After it's done running, if you wish to save the previous graph, simply rename it. Then run the bash, and then python, script again to get a new all_gens.png for the continued, longer run. The new image will have more points on the graph, as more members have been examined, and (hopefully) a new minimum enthalpy member. Running the same grep command will give this in the top 4

GA: gen # 16 child  #  7 enthalpy = -4.336404E+000 eV/atom un-scaled fitness =  0.880797 conv = T member error = F seed = Si.gen_016_mem_007 vol/ion =    20.0237 A**3/atom
GA: gen # 16 child  #  7 enthalpy = -4.336404E+000 eV/atom updated fitness =  0.880797 conv = T member error = F seed = Si.gen_016_mem_007 vol/ion =    20.0237 A**3/atom
GA: gen #  6 child  #  9 enthalpy = -4.336393E+000 eV/atom un-scaled fitness =  0.880797 conv = T member error = F seed = Si.gen_006_mem_009 vol/ion =    20.0224 A**3/atom
GA: gen #  6 child  #  9 enthalpy = -4.336393E+000 eV/atom updated fitness =  0.880797 conv = T member error = F seed = Si.gen_006_mem_009 vol/ion =    20.0224 A**3/atom

This is rather interesting: even after 6 * 12 = 72 new members have been generated, the original minimum is still the 2^nd lowest enthalpy: it certainly is a good structure. However, 16,7 is now considered the best: let's look at how it improved.

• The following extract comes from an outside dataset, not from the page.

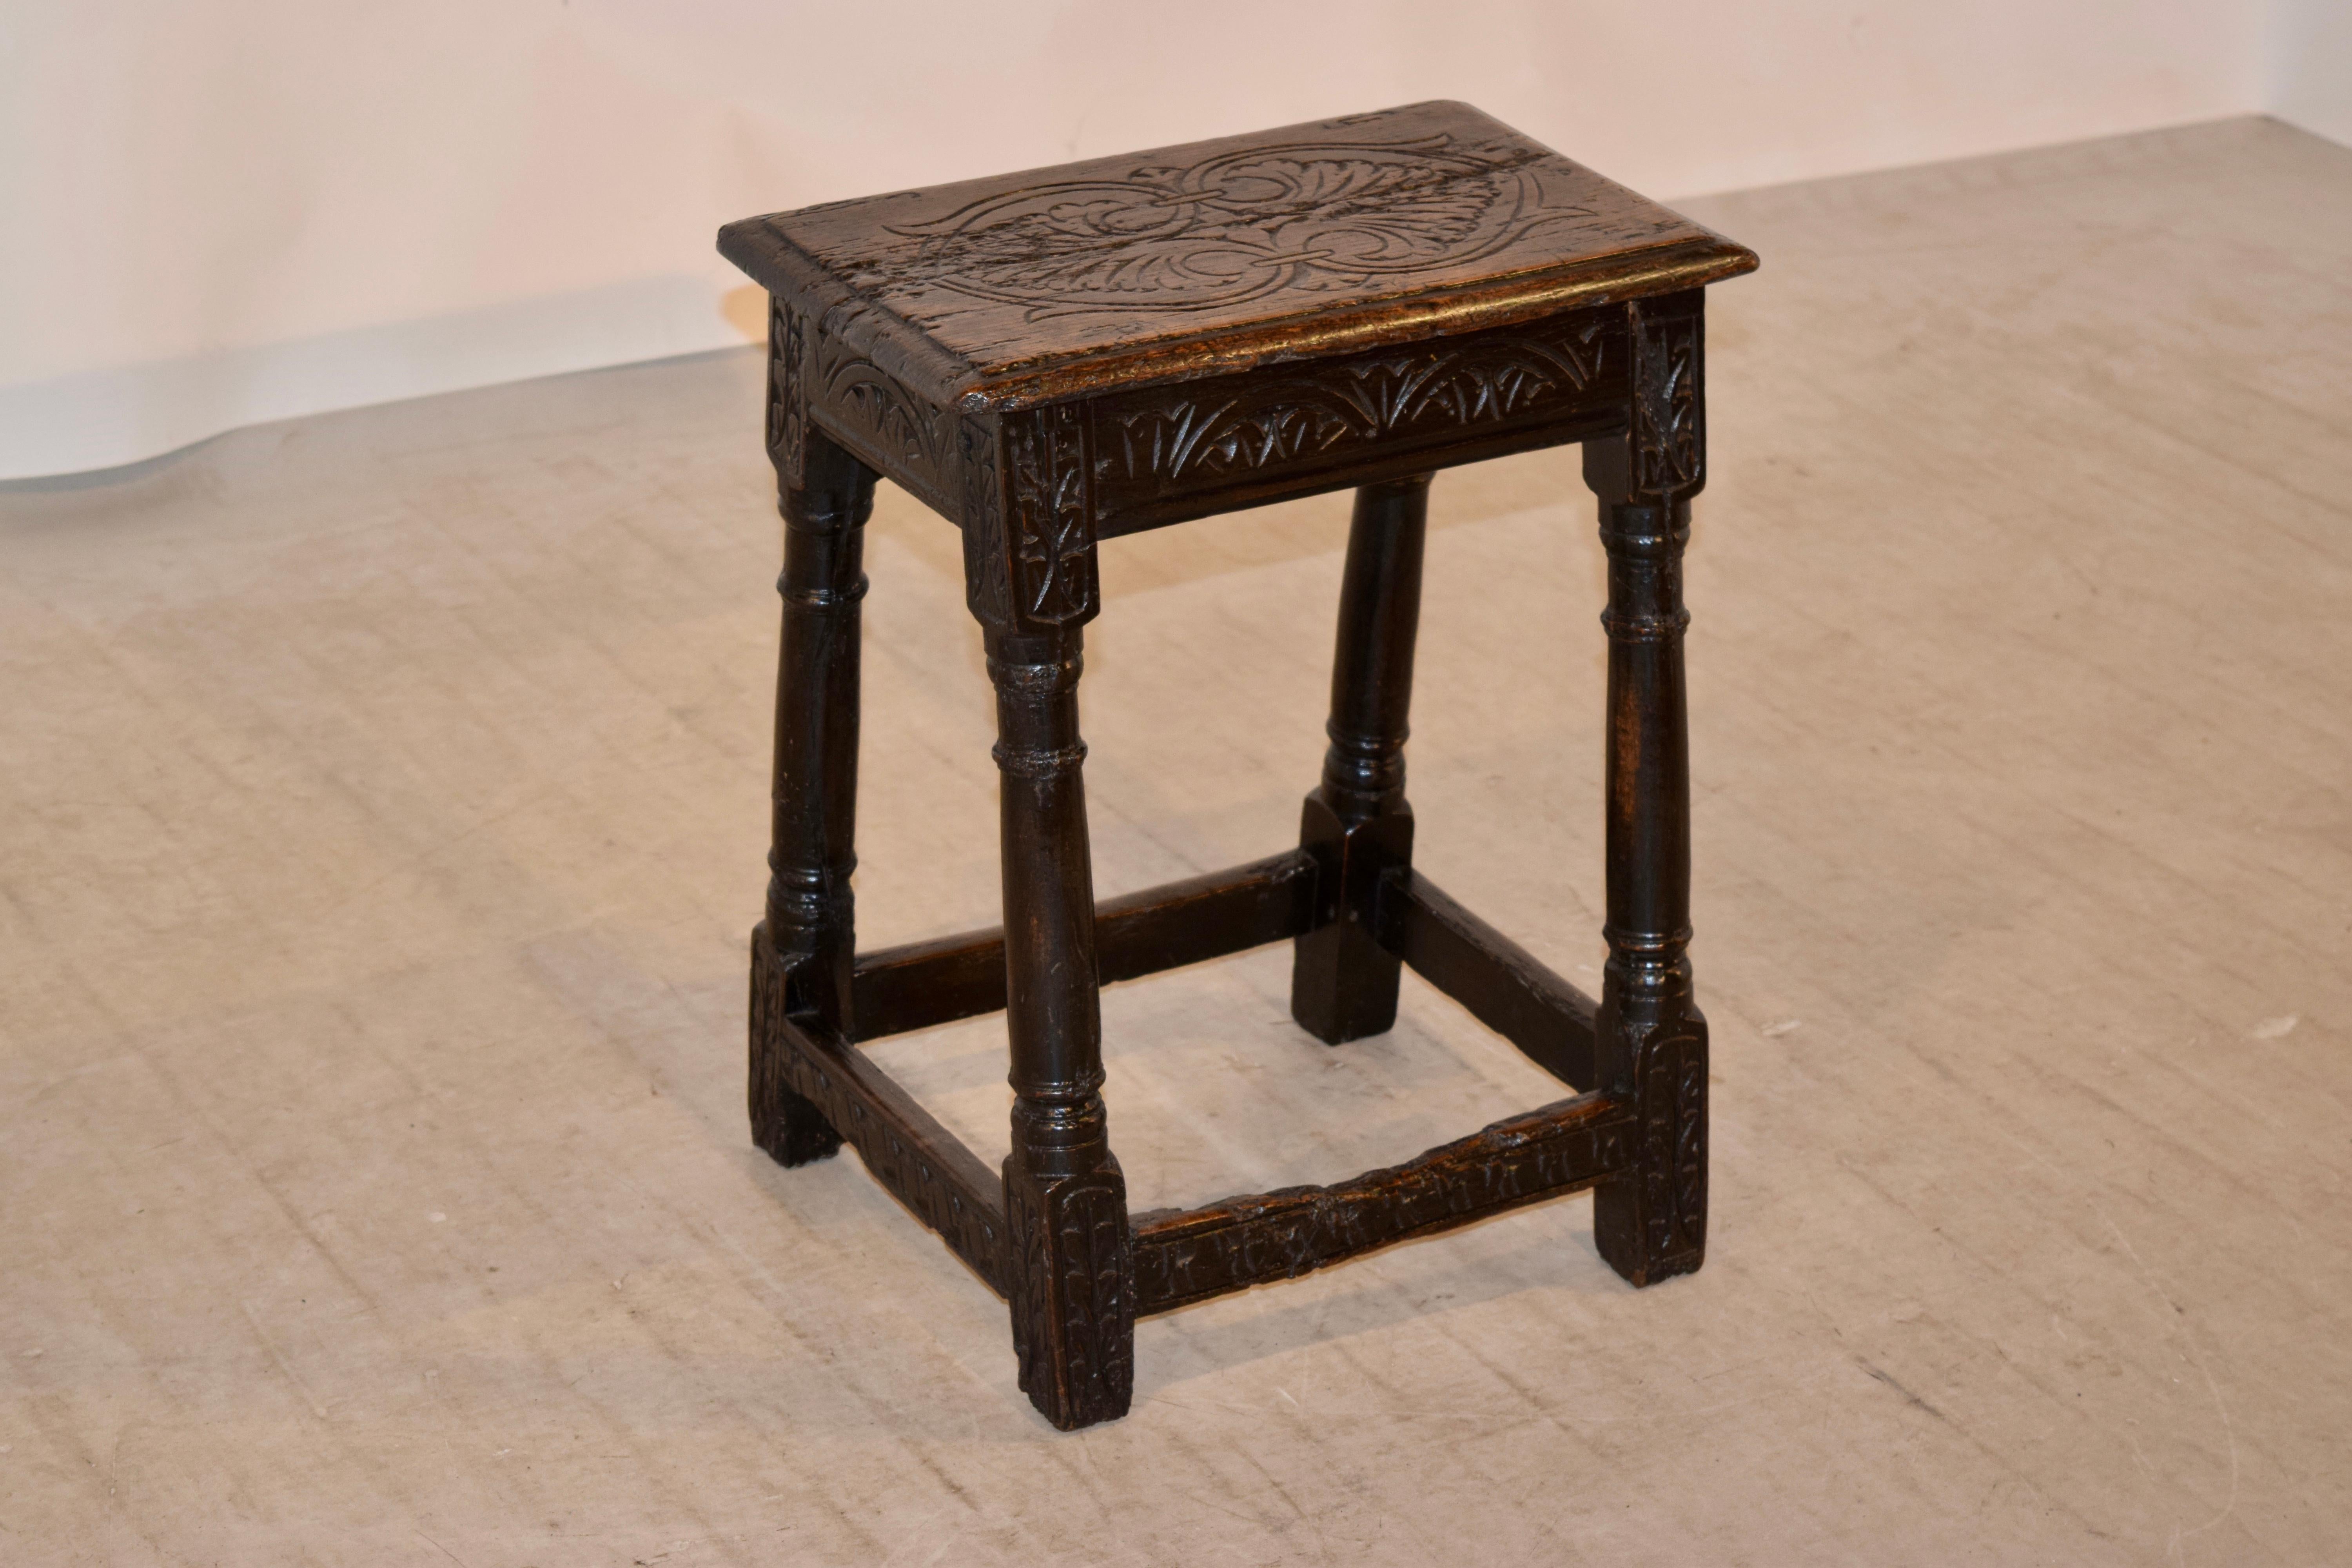 16th century English oak joint stool with plenty of wear and shrinkage throughout, which is just what you want to see in a stool of this age. The seat is decorated with hand carvings and has a bevelled edge following down to a simple apron, which is

Running c2x on it tells me this

Tol=0.1     International symmetry is Fd-3m
Tol=0.0001  International symmetry is P-1

According to c2x it is now more similar to diamond (though if you're being very strict with it it, is not - it is still imperfect, though closer). Looking at it on VESTA (again a 2x2 supercell) tells us a similar story

2nd vesta image

As expected of GA, it has managed to improve the structure through multiple generations. If you wish, you could continue to run it for more generations by keeping the continuation line and increasing ga_max_gens more - in fact, if using a different seed or if your environment processed said seed differently, you may have to - 6 more generations aren't guranteed to find a new lowest enthalpy structure!